Rule-based decision-making involves the decision-maker following procedures which determine the outcome. These often take the form "If X do Y". They may look straightforward, but problems often arise in determining how to interpret the procedure. For example Lord Laming recommended a procedure following the Victoria ClimbiƩ tragedy along the following lines: "If a child's first language is not English, an interpreter must be used ..." [1]. But what do we mean by a "first language" (first language learnt, most fluent language, language spoken at home, language spoken at school etc.) and who can be an interpreter (qualified professional interpreter, fluent speaker, person with some knowledge of the language, member of child's community, member of child's family)? And what happens where the child prefers to speak in (say) English, but is more fluent in another language, or where it is very difficult to find a qualified interpreter in a language not much spoken locally?

Clearly having procedures is a good idea in simple situations, where ambiguity and uncertainty do not apply. Procedures are actually useful in clear, simple and predictable situations. However, for complex situations procedures rapidly become too elaborate and eventually become unworkable. Highly involved procedures can result in unacceptable delays in action. Where procedures are too complex they can be difficult to understand and steps may be missed. Sometimes the wrong procedure for a given situation is applied. And sometimes the procedures themselves contain 'error traps' because the person who drafted the procedure did not foresee some particular set of circumstances. Last, but by no means least, complex procedures which make the task more difficult often result in people developing informal 'work arounds' to get the job done. These can have disastrous consequences, not least because managers may naively think that a procedure is being followed, when it isn't.

In contrast intuitive decision-making relies on the expertise of individuals.
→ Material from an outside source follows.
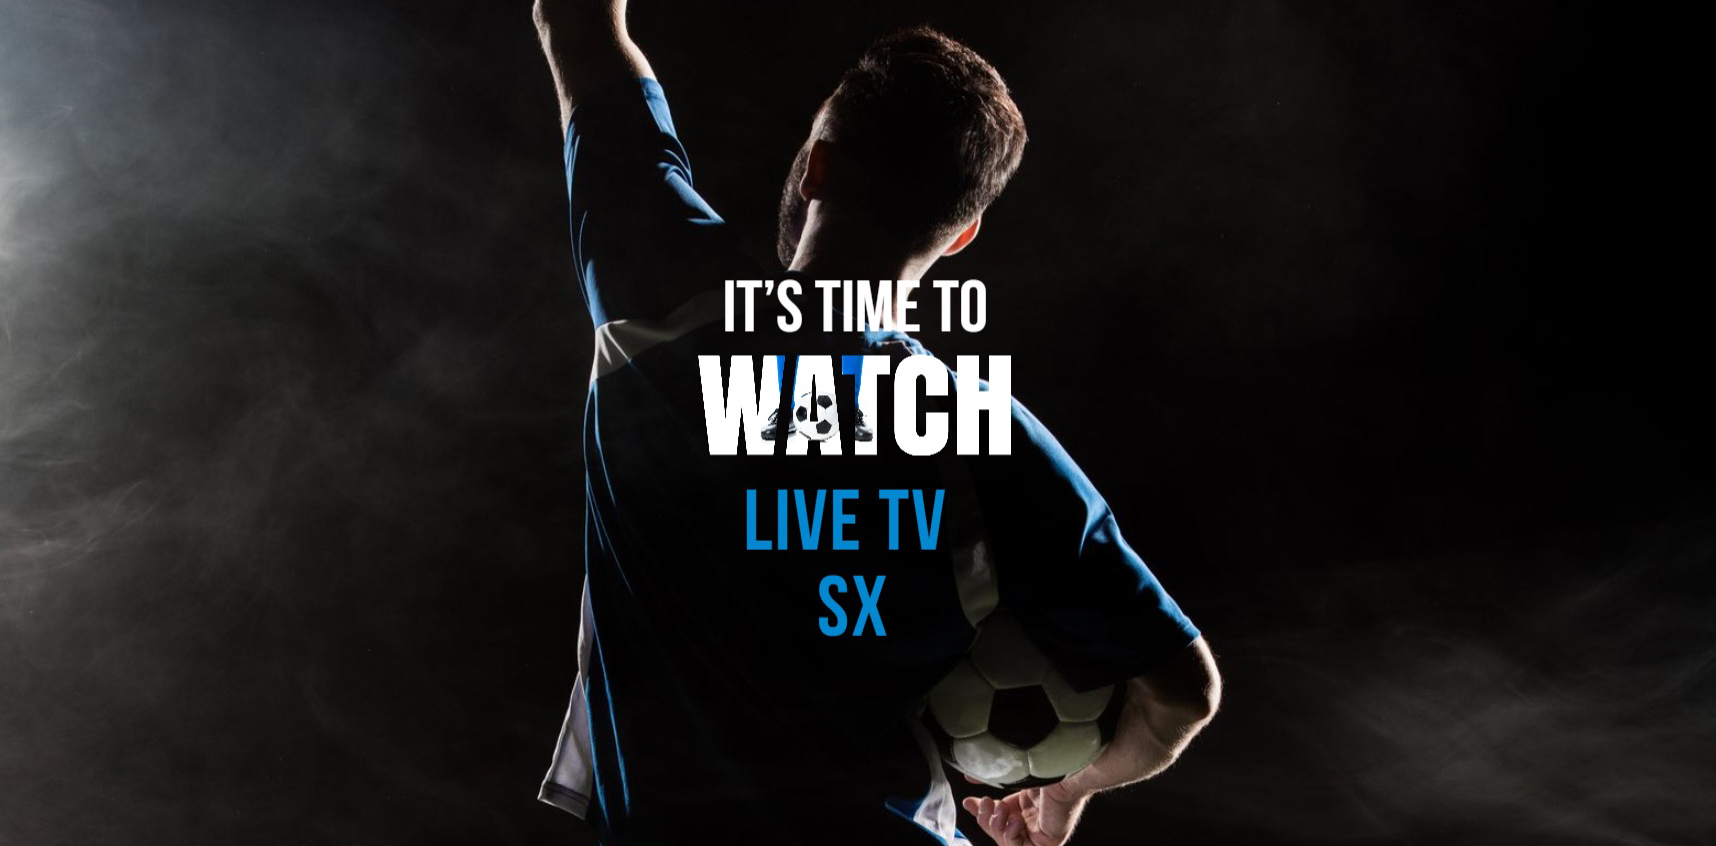 TV en directo SX: mira emisións deportivas en directo de balde

An experienced practitioner can spot patterns in situations and react rapidly and very often appropriately. This type of intuitive decision-making, or 'pattern-matching', is necessary where there is insufficient time to generate lists of options or to carry out any kind of detailed analysis. It is often essential in emergency situations. Often the response is 'workable' but not ideal and it is usually quick. This type of decision-making is suitable for 'first responders' in most types of emergency situations, but experienced practitioners are required. It is by no means infallible. Pattern 'mismatches' are always a danger and some very serious accidents have involved very experienced people making the wrong intuitive decision. Intuitive decision-making is not suitable for dealing with new circumstances or situations which are not well understood. It is not suitable for use by inexperienced people, especially novices.

Analytical decision-making involves identifying options, analysing each and selecting the best. Typically the decision-maker thinks through the consequences of each option, exploring the various scenarios, possibly identifying positives and negatives of each and comparing likely outcomes. As much relevant information as can be marshalled to inform the decision is the ideal. It is also important to identify and analyse the 'do nothing' option.
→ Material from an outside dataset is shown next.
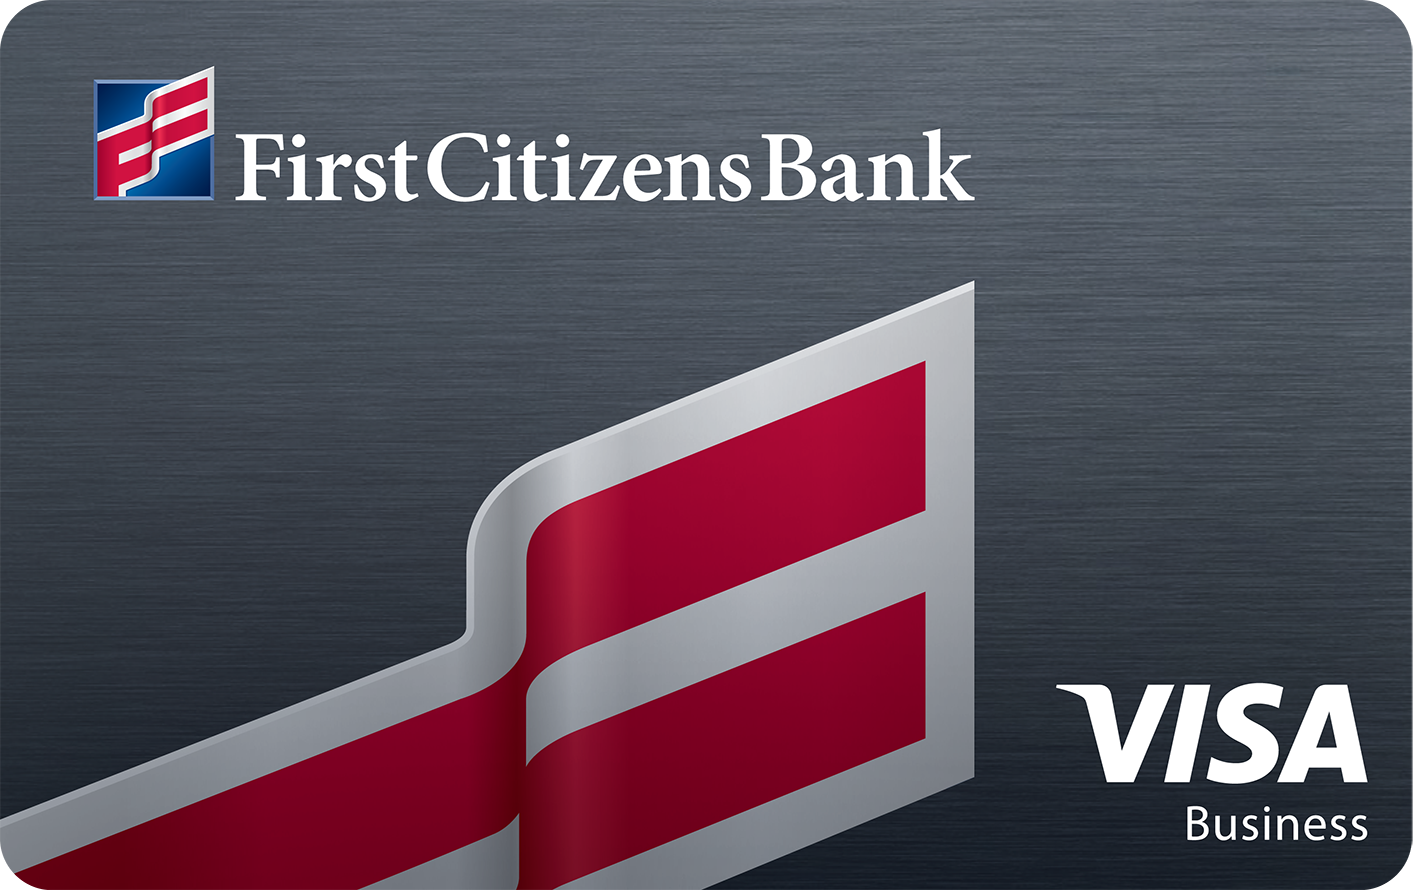 First Citizens Bank Business Visa card

Clearly analytical decision-making is likely to produce optimal solutions more often than other methods and it is well adapted for complex situations. However, it requires a lot of time and effort and places a heavy burden on staff. It is not appropriate for emergency situations and difficult working environments, especially where a response is required quickly.
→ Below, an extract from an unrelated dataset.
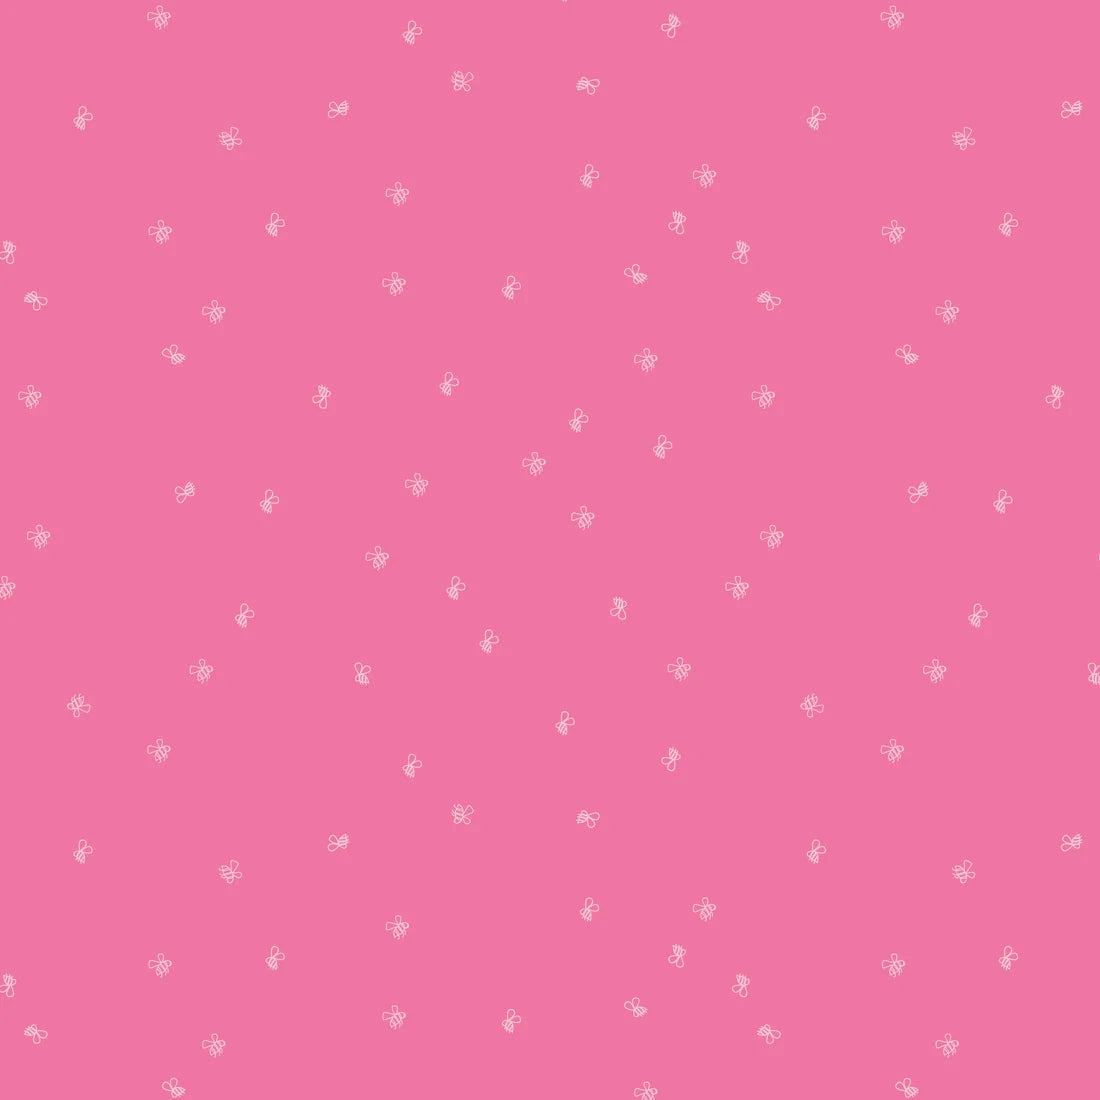 New Dawn Hot Pink Bees - Riley Blake Designs - *OOP

Creative decision-making involves coming-up with new and untried solutions to unfamiliar situations. It requires inventiveness and high levels of resourcefulness. It is very time consuming and makes very heavy demands on those who undertake it. It is also inherently risky. However, it is sometimes unavoidable when decision-makers are faced with completely new and novel situations about which little is known.

Implications

In child protection we need to use rule-based decision-making sparingly, only in situations where it is appropriate. Procedures will only work for simpler processes. In the past there has been a naive assumption that procedures could be extended more or less indefinitely to cover a wide variety of complex situations. This has resulted in large complex procedural manuals, not better child protection decisions.

In child protection work we should rely on intuitive decision-making only where it is absolutely necessary to provide a quick response, for example when considering emergency action to protect a child. This type of decision-making is suitable only for very experienced staff, but in Britain there has been an unfortunate tradition of providing first contact child protection services using recently qualified or agency social workers. No matter how experienced the decision-maker, intuitive decision-making requires careful review at the earliest opportunity, when time permits.

We need to recognise that much decision-making in child protection will be analytic. This requires good working conditions and staff have to be given the space, time and resources to analyse and assess options and to come to an optimal conclusion.

Creative decision-making in child protection should be avoided unless it is absolutely necessary to deal with new and challenging phenomena. It needs to be recognised that creative decisions in child protection will always be risky and should be avoided if possible.

No approach to decision-making is without a downside. Many decisions in child protection are inherently risky. Decisions should be reviewed where possible using the analytic approach, but where this is not possible the risks need to be realised. Reviewing decisions is time consuming and hard work, but it has to be recognised that it is frequently necessary.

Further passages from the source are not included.